In 2025, Paubox was ranked at the top of several G2 software categories, including Best Secure Email Gateway, Best HIPAA-Compliant Messaging Software, and Best Email Encryption Solution. It is also the only secure email provider featured in G2’s list of 2025 Best Healthcare Software Products.

What strategic guidance does Paubox offer to IT leaders and compliance teams after these revelations?

In light of the findings, Paubox recommends that organizations stop assuming encryption is functioning correctly and instead adopt proactive testing. The company has published detailed instructions for conducting test messages, analyzing message headers, and identifying encryption downgrade scenarios in the field.

According to the report, organizations should regularly test email delivery to known noncompliant servers, monitor TLS versions used in message headers, and implement third-party enforcement solutions that prevent email from being sent without proper encryption.
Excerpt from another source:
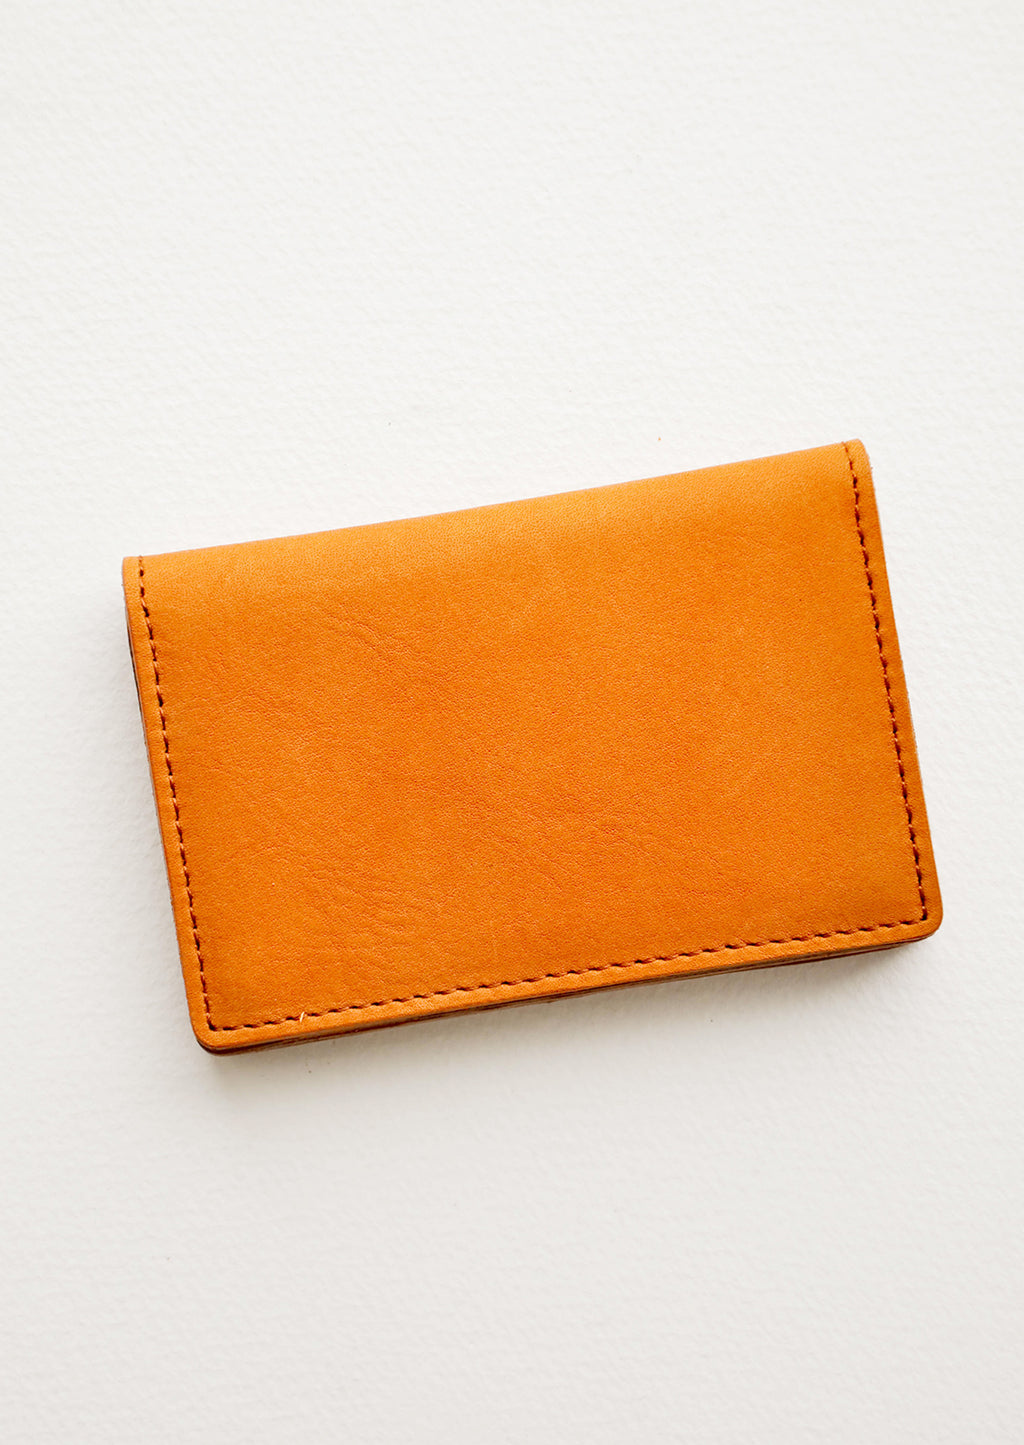 Oiled Saddle: A small leather cardholder wallet in tanned leather.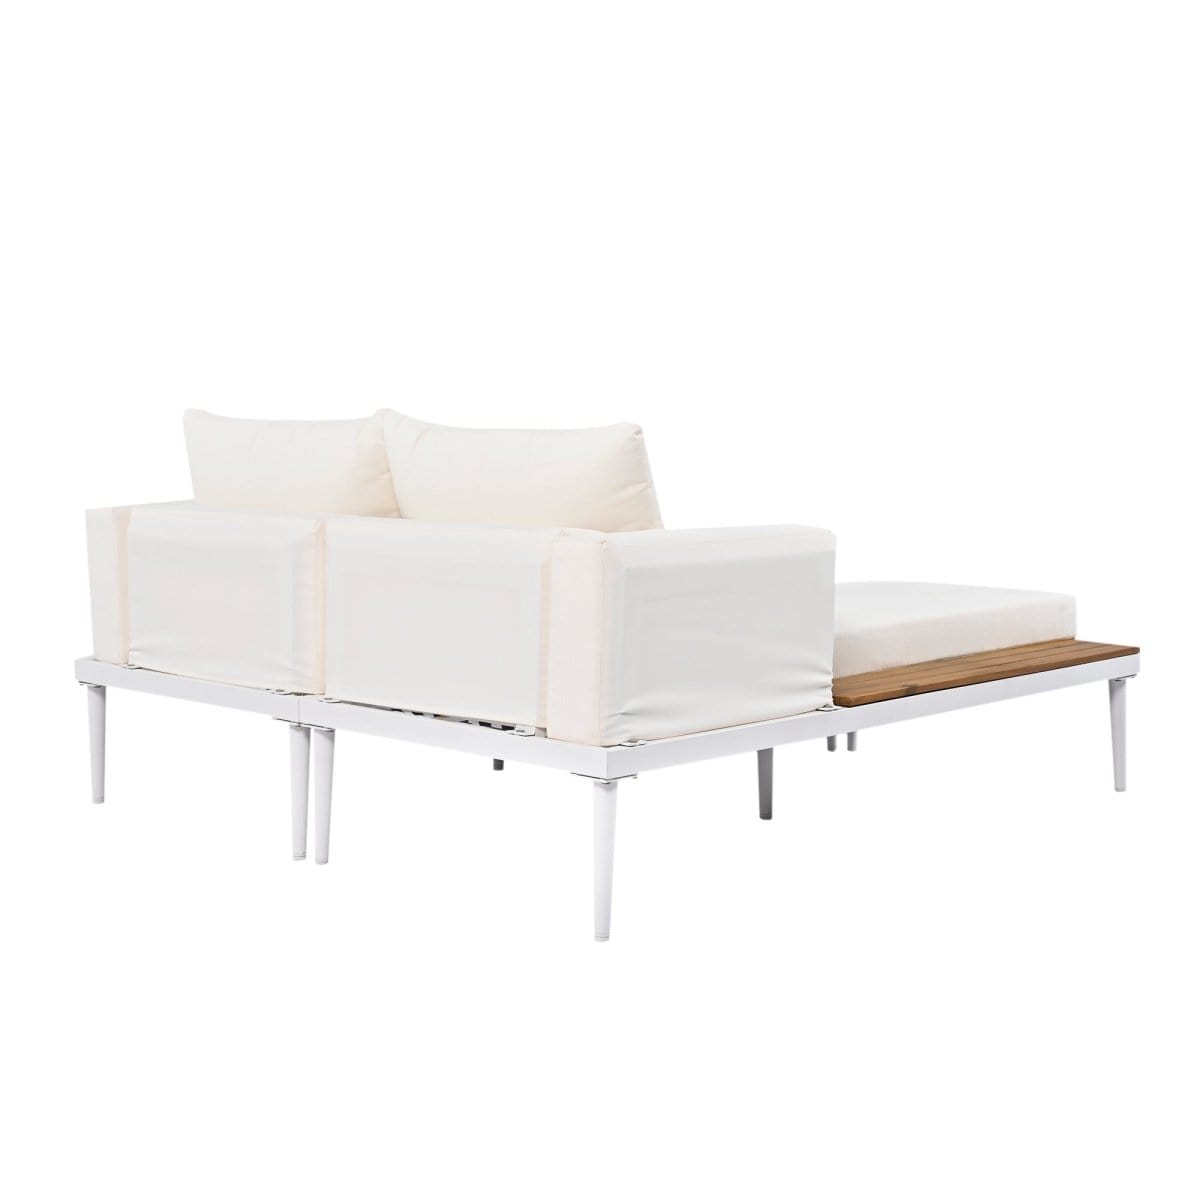 Modern Outdoor Daybed Sofa12Topmaxx

Paubox argues that only by taking control of transmission layers can IT leaders ensure HIPAA and regulatory compliance under real-world conditions.

The full 2025 encryption failure report is available to the public via Paubox’s research portal at https://hubs.la/Q03tg5-k0, including annotated screenshots and a complete methodology for replication and audit.

What is the institutional sentiment toward Microsoft and Google following Paubox’s security report?

Although there has been no immediate market impact on Microsoft (NASDAQ: MSFT) or Alphabet (NASDAQ: GOOGL) shares, institutional sentiment around security in SaaS platforms is growing increasingly cautious. Analysts note that while both companies offer scalable and cost-effective collaboration tools, their lack of guaranteed encryption enforcement introduces risk exposure in regulated sectors.

Institutional investors with healthcare and financial portfolios are expected to re-evaluate vendor security assurances, especially in light of increased cyberattacks against hospitals and government agencies. If regulators update encryption compliance expectations based on Paubox’s findings, this could shift enterprise adoption toward vendors that offer encryption-enforced email delivery models.

Analysts further expect upcoming federal agency recommendations—possibly from the Office for Civil Rights or Cybersecurity and Infrastructure Security Agency (CISA)—to underscore the need for transparent, verifiable encryption as a compliance requirement.